[RECORDED DATA — start]

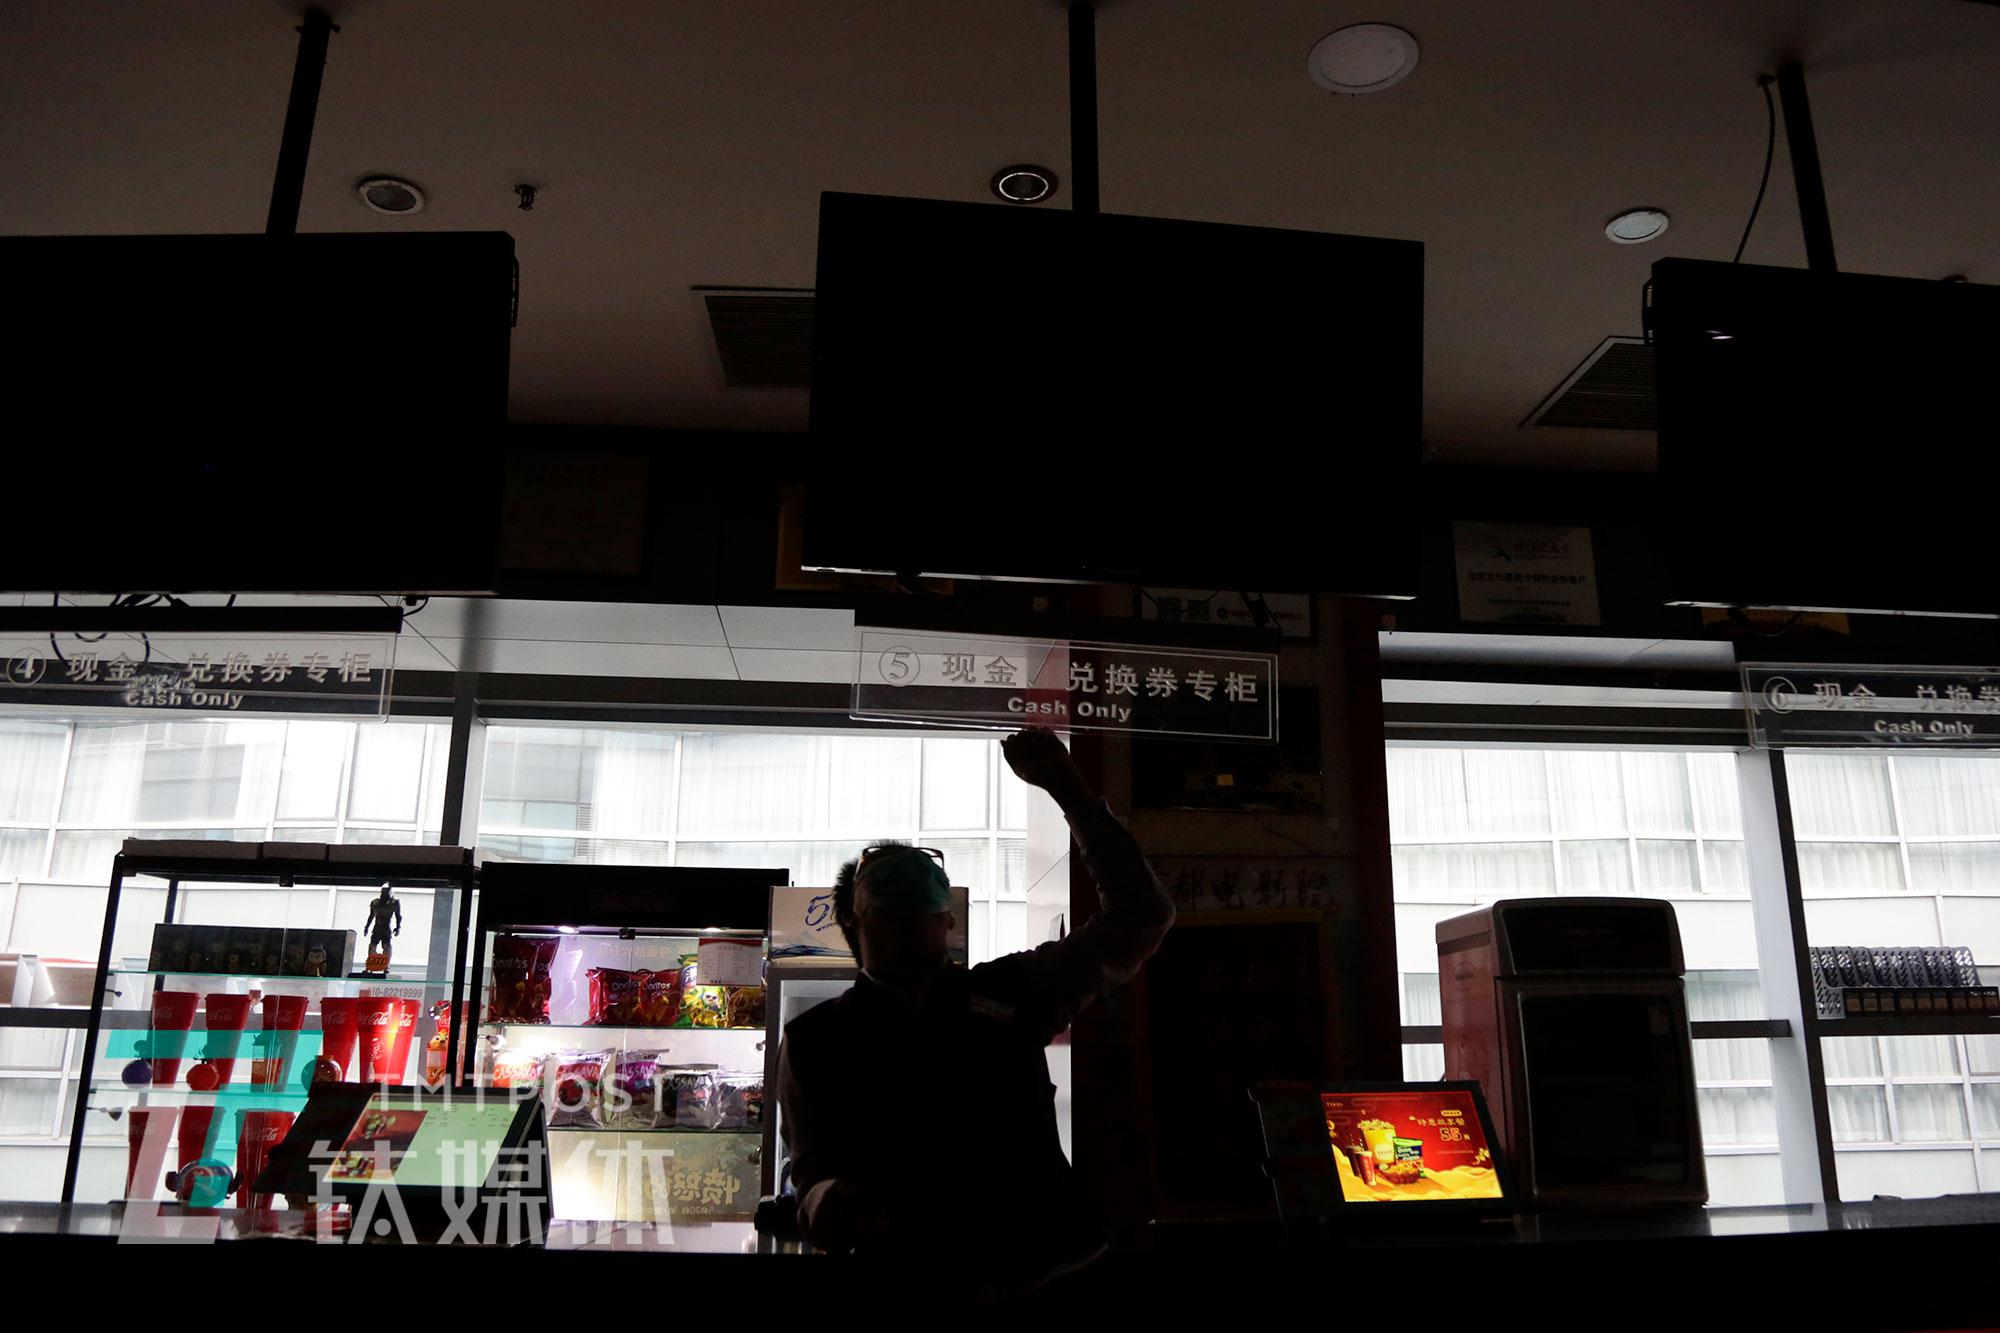 5月8日,北京,首都电影院工作人员调试设备。
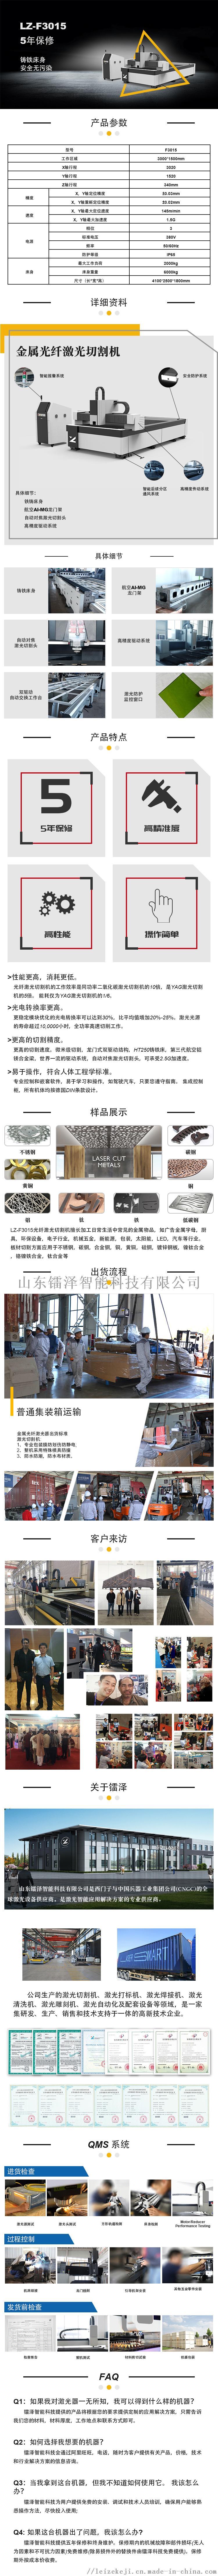 F3015中文.jpg
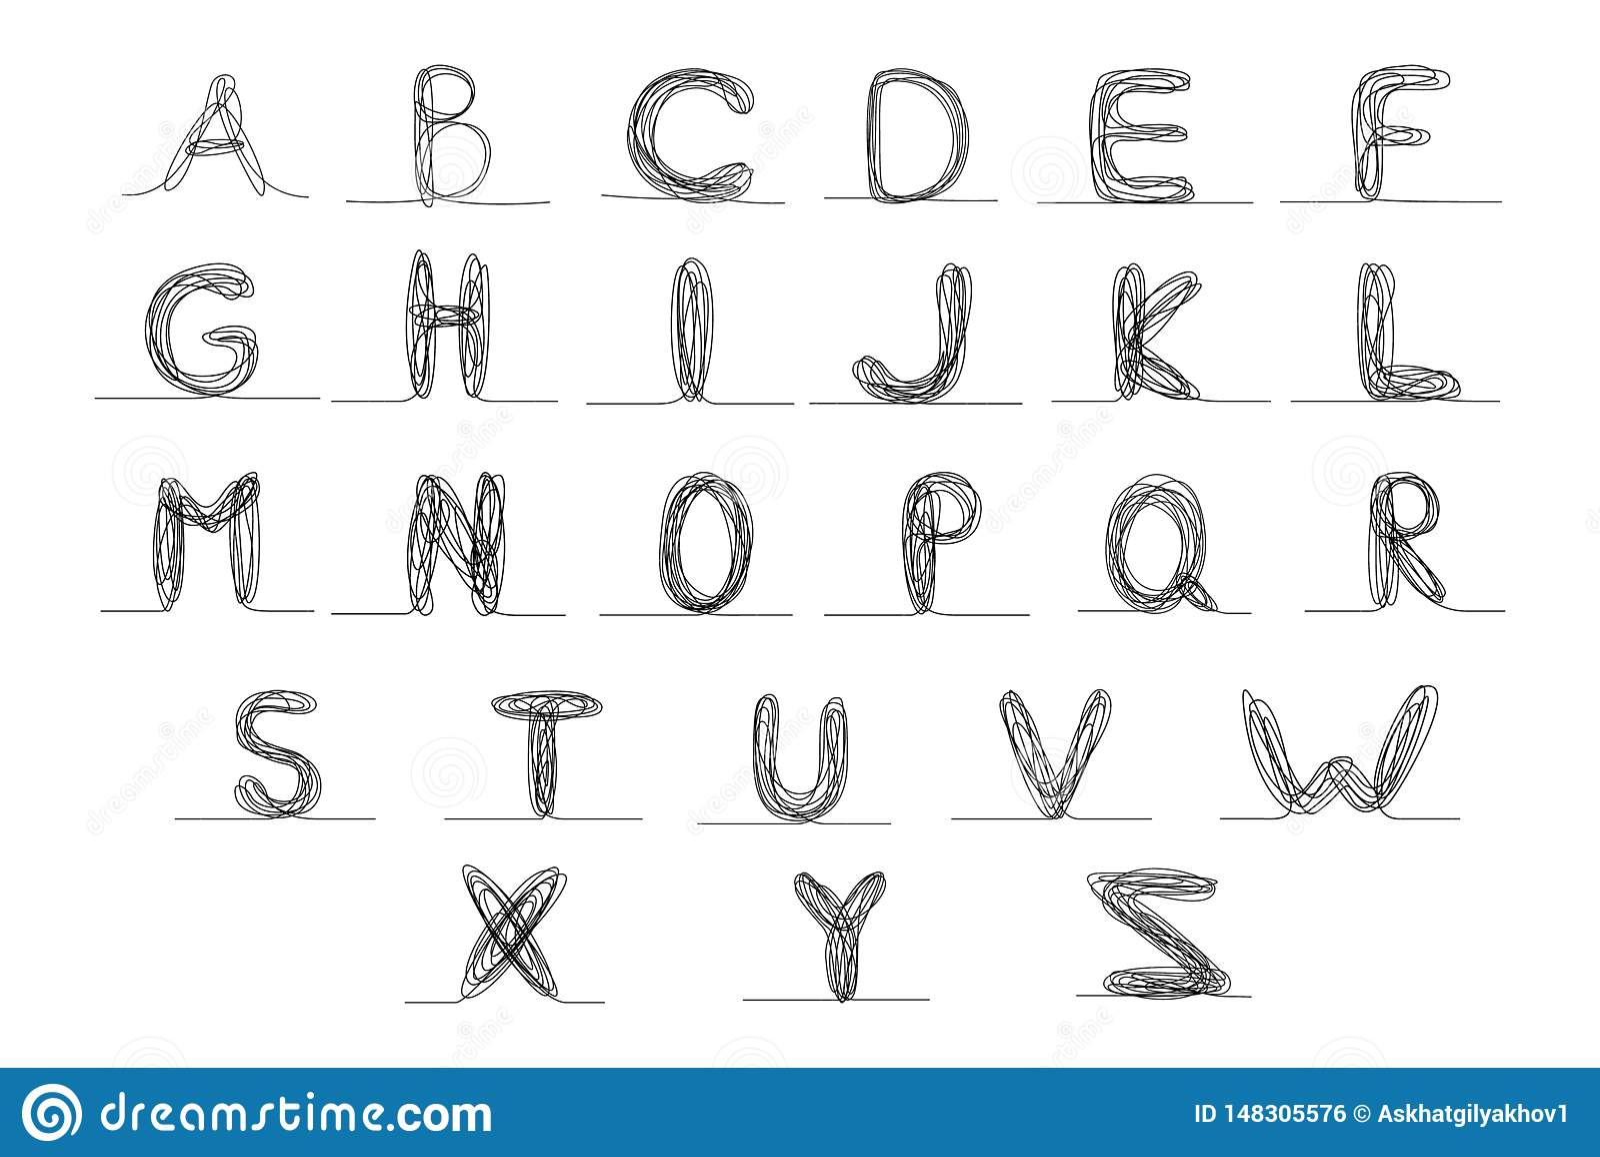 Une ligne continue alphabet anglais, illustration de vecteur
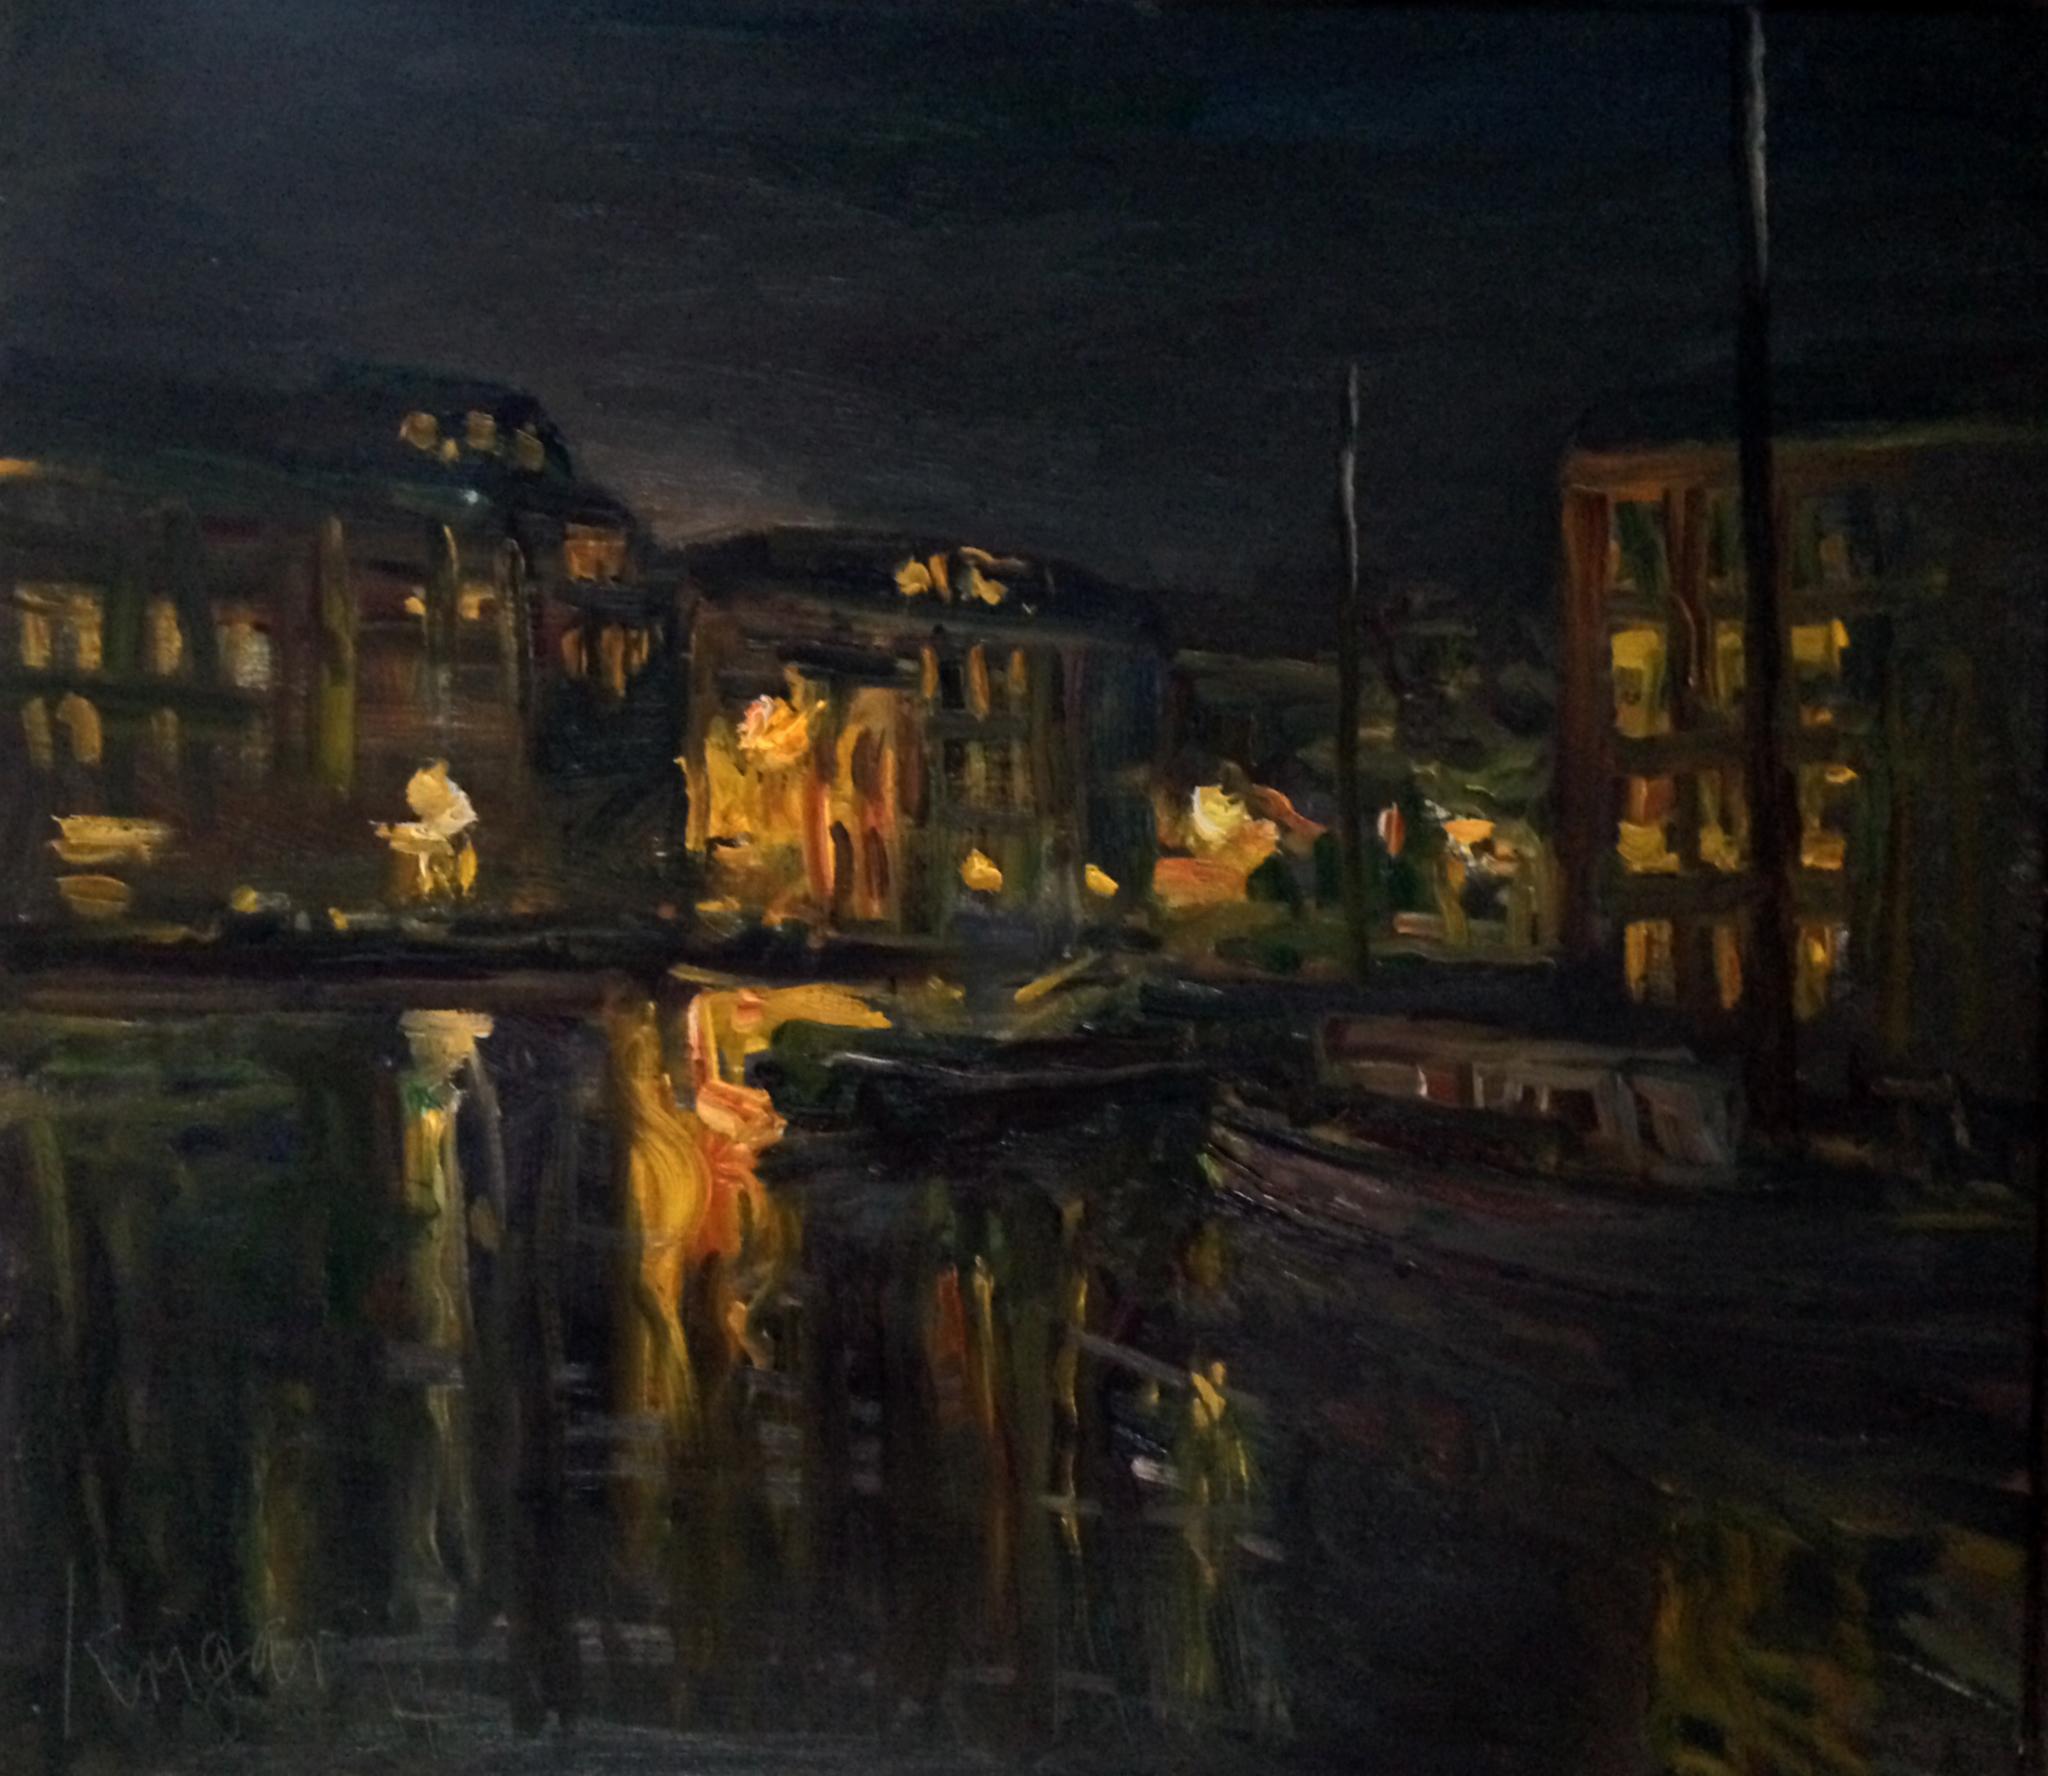 Andre Krigar Nachtliche spiegelung Maassluis

[RECORDED DATA — finish]

▶ _WHAT IS NEEDED_:
This exercise calls for the complete listing, returned exactly and without images.

▶ _OUTPUT FOR THIS EXERCISE_:
 5月8日,北京,首都电影院工作人员调试设备。
 F3015中文.jpg
 Une ligne continue alphabet anglais, illustration de vecteur
 Andre Krigar Nachtliche spiegelung Maassluis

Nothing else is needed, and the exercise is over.